そうしたら、若社長に無条件に可愛がってもらえるかなって」


「真白ちゃん……」


 思わず手が伸びたら、部屋の隅にいた島内さんがわざとらしく咳払いをした。


「俺は真白ちゃんに子猫にはなって欲しくないな」


 そう答えると、なぜか真白ちゃんは顔を赤らめて「そうですね」と素直に従った。


「どうしたの?」


「実は……あの……私、インフルエンザで寝込んでいる間、猫になった夢を見てて」


「えっ?」


 偶然とはいえ、彼女が寝込んでいる時期と、子猫が居た時期が被るので、心がざわめいた。

 まさか、あの子猫、本当は真白ちゃんだったんじゃないだろうな。


「でも、私ったら、ひどい悪戯猫で、冬馬さんのお布団や会議の資料に粗相はするし、大事な家具で爪を研いだり、まだ保存していないデータを台無しにしたり……あの、若社長? なんで笑っているんですか??」


「いや、ごめん。可愛いなぁと思って。

シロはトイレだけはちゃんとしていたよ」


「きゃあ! そうですよね。私、やっぱり猫には向いていません」


 両手で顔を覆って恥ずかしがる真白ちゃんに、微笑む。

 島内さんも、隅で笑っていた。


「それに猫とは結婚出来ないからね。真白ちゃんが人間の女の子で良かったよ。でも、膝には乗せたいかな」


「わ……冬馬さん……」


 いい雰囲気なんだけど、ここでも咳払いに邪魔される。


「ねぇ、君のお父さんから結納の日取り決まったとかいう話聞いてる?」


「いいえ。雨宮家は験を担ぐから、そういうの、とても煩いそうで」


 真白ちゃんが申し訳なさそうに言ったが、椛島真中は俺と娘の結婚を出来る限り先延ばしにしたいらしい。
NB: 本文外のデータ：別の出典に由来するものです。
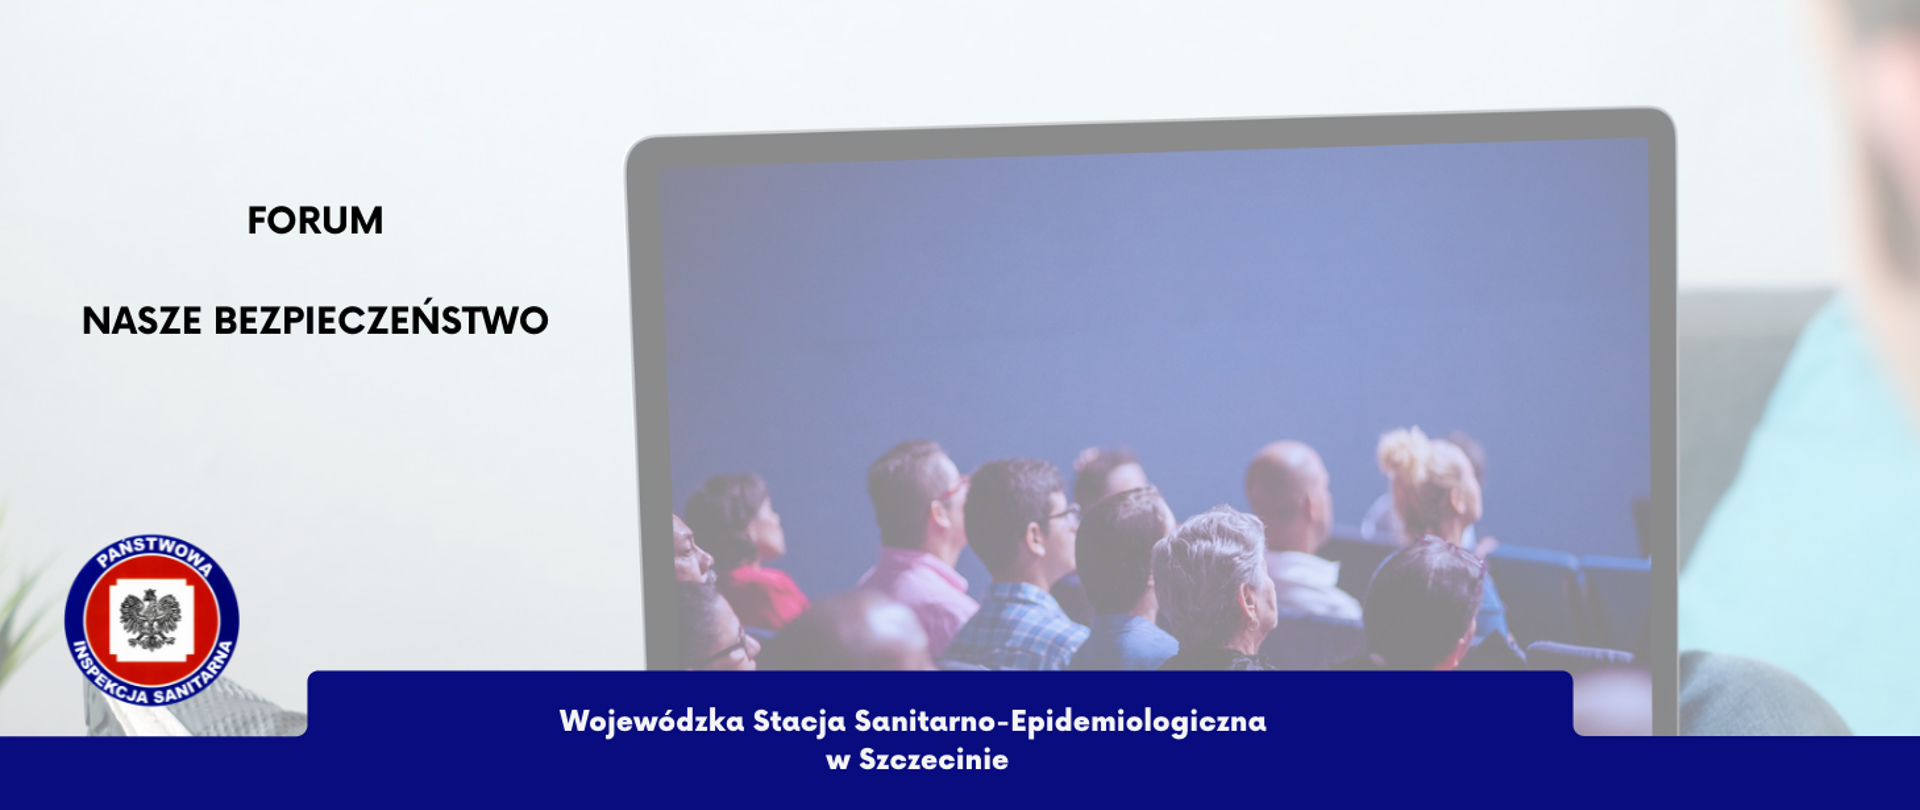 Zdjęcie przedstawia grupę osób słuchającą wykładu. Po lewej stronie zdjęcia znajduje się logo Państwowej Inspekcji Sanitarnej oraz napis "Forum Nasze Bezpieczeństwo". Na dole zdjęcia znajduje się napis Wojewódzka Stacja Sanitarno-Epidemiologiczna w Szczecinie.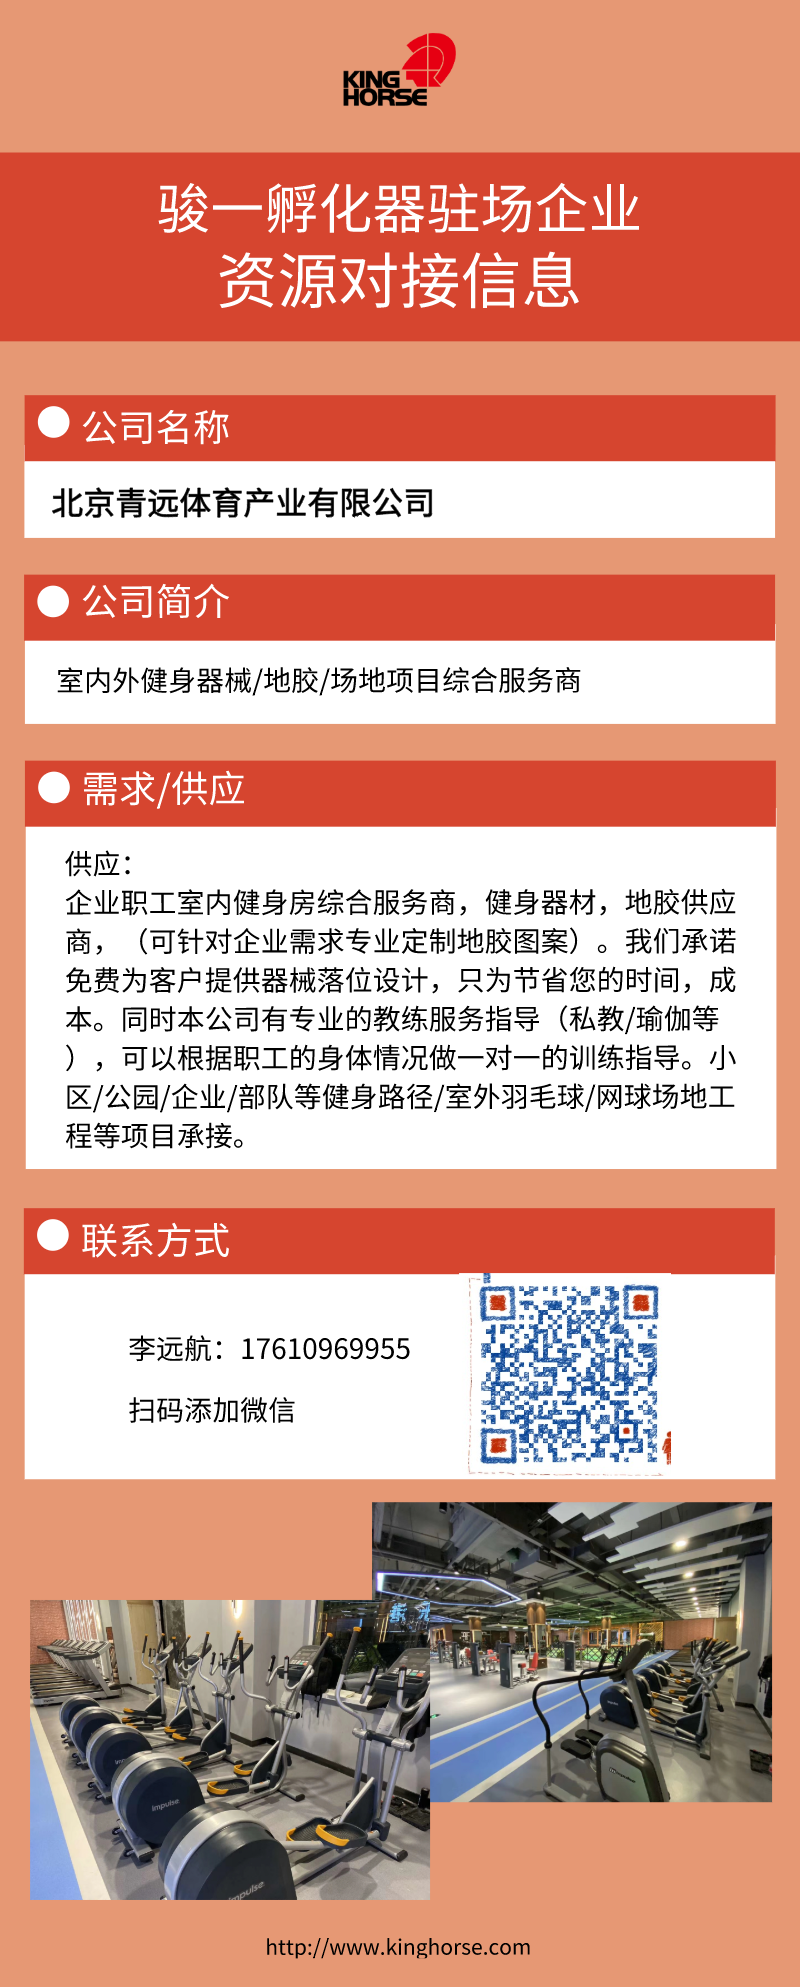 北京青远体育产业有限公司.png

 とにかく、成人式を済ますまでは、結婚させるつもりはないようだ。

 「真白に振袖を着せてやりたいだろう」と言われると、同意せずにはいられない。

 結婚しても若いんだから振袖着てもいいとは思うんだけどね。


「あの、子猫の写真とかないんですか? 私もシロちゃん、見てみたいです」


 俺の眉間が険しくなったのをなだめるためか、努めて明るい声で、真白ちゃんがねだった。

 でも、その心遣いが仇になった。


「何、これ! ひどい! 私が病気で大変な時に、こんな可愛い子とデレデレして! キスまでしてる!! 浮気者!」


 いつの間にかタブレットに大量に貯まっていたシロとの写真を見て、今度は真白ちゃんの焼きもちが爆発した。

 俺も気づいてなかったけど、随分、写真撮ったり、撮らせていたりしたんだな。

 その中には、俺がシロを抱き上げたり、膝の上に乗せたり、お腹を撫でていたり、キスさせていたり、そういう写真もたくさんあった。

 何しろ、基本、俺にしか懐かないから、シロの可愛い写真を撮ろうとすると、俺込みになってしまうのだ。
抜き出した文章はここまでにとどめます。